Mesa Verde residents have been living with poor water quality for decades on an aquifer that recently began supporting a 520-megawatt gas-powered plant, Blythe I [See Terrain, Fall 2002]. Blythe II, to be constructed next to Blythe I, would increase the water needed to cool the plants’ turbines to over 5,000 gallons per minute, pumped from the aquifer.
It’s not just Mesa Verde residents who would feel the suck. The California Energy Commission (CEC) and other agencies say the aquifer under Mesa Verde is part of the Colorado River recharge system. According to a recent CEC staff report, further demands on that system would have a “significant adverse effect on the waters of the Colorado.”
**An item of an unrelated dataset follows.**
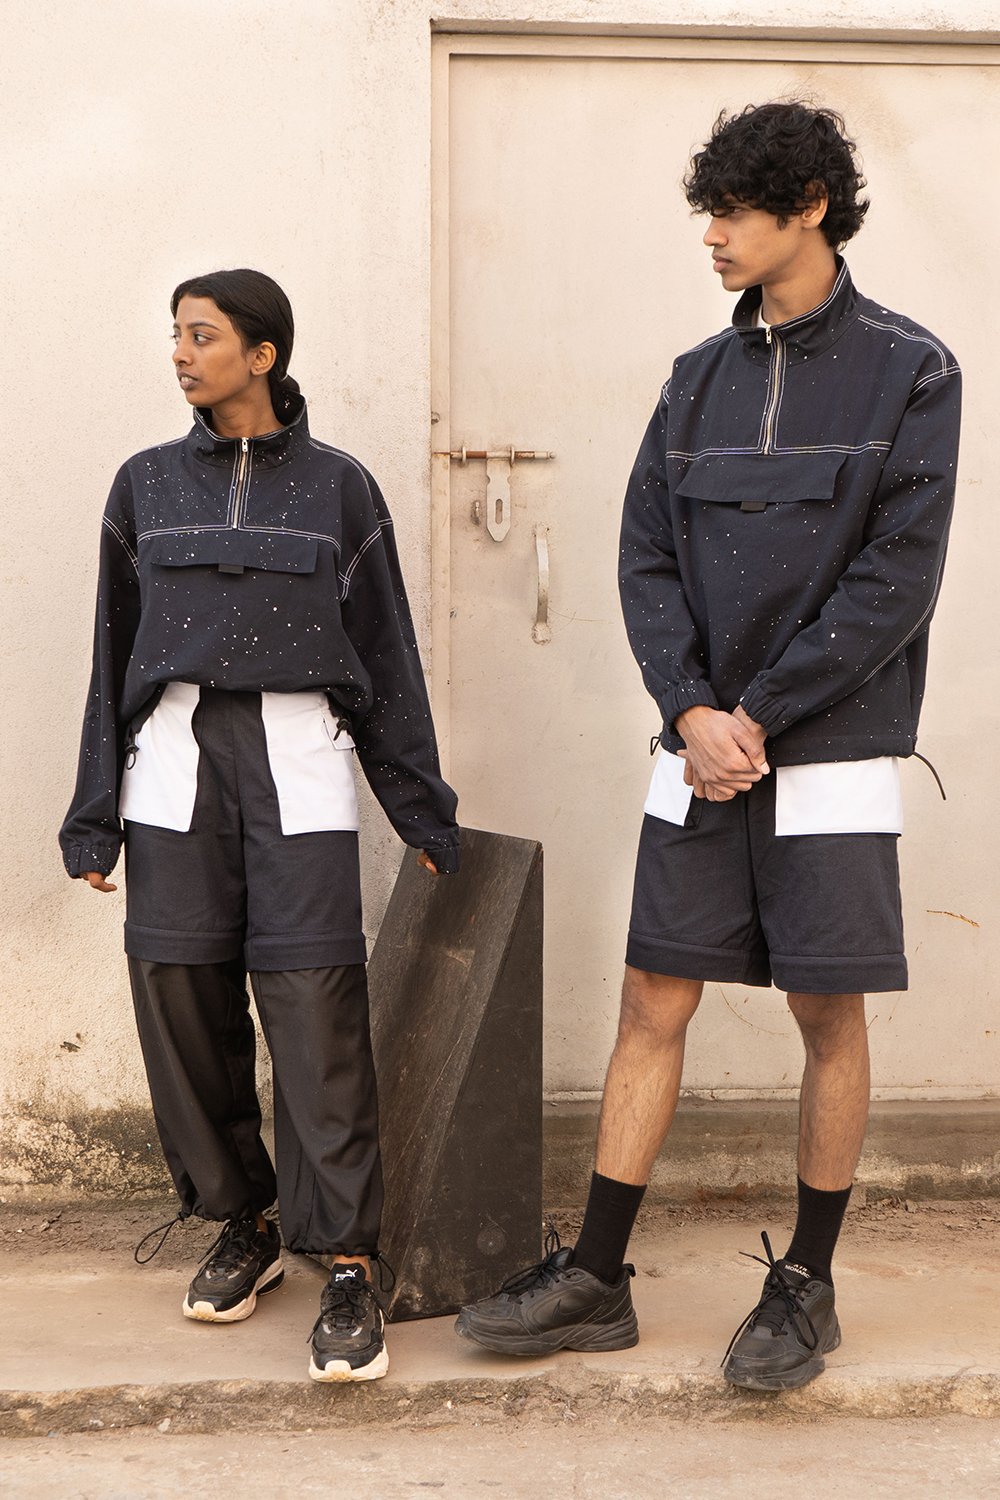 Black and Blue Convertible Pants and Shorts. Hand Made. 100% Cotton. Featured in Vogue Magazine.Designed in Madras, Made in India  | BISKIT UNISEX CLOTHING LABEL

But Bob Looper of Caithness Blythe, which is proposing Blythe II, calls the data inconclusive and says California does not clearly regulate groundwater. Should the state choose to do so, Looper says, a “voluntary water conservation offset plan” would include fallowing local agricultural ground to offset the plant’s water use. Most of the town’s 2,300 residents depend on jobs in neighboring citrus orchards.
The distinction between ground and surface water is academic: “It’s a desert area with three inches of rainfall a year,” says Jeff Addiego of the Bureau of Reclamation, “and you withdraw one million acre feet and say it’s not the Colorado River? Give me a break.” Take from the Colorado River is regulated federally, which catapults both Blythe projects deep into California water politics. The draw from the Blythe projects, says Addiego, “would impact the amount of water that could be pumped by MWD [the water district that feeds LA]. MWD has the junior water right on the system; they get water after everyone else gets theirs.”
The CEC had planned to publish its first assessment of the application for Blythe II late this summer. This process is “considerably behind schedule,” due to water concerns and other issues.
Meanwhile, a lawsuit filed on behalf of community members alleging that the environmental analysis under which Blythe I was approved was flawed, may finally be heard in Riverside Superior Court. The suit was originally thrown out on a technicality in May 2001.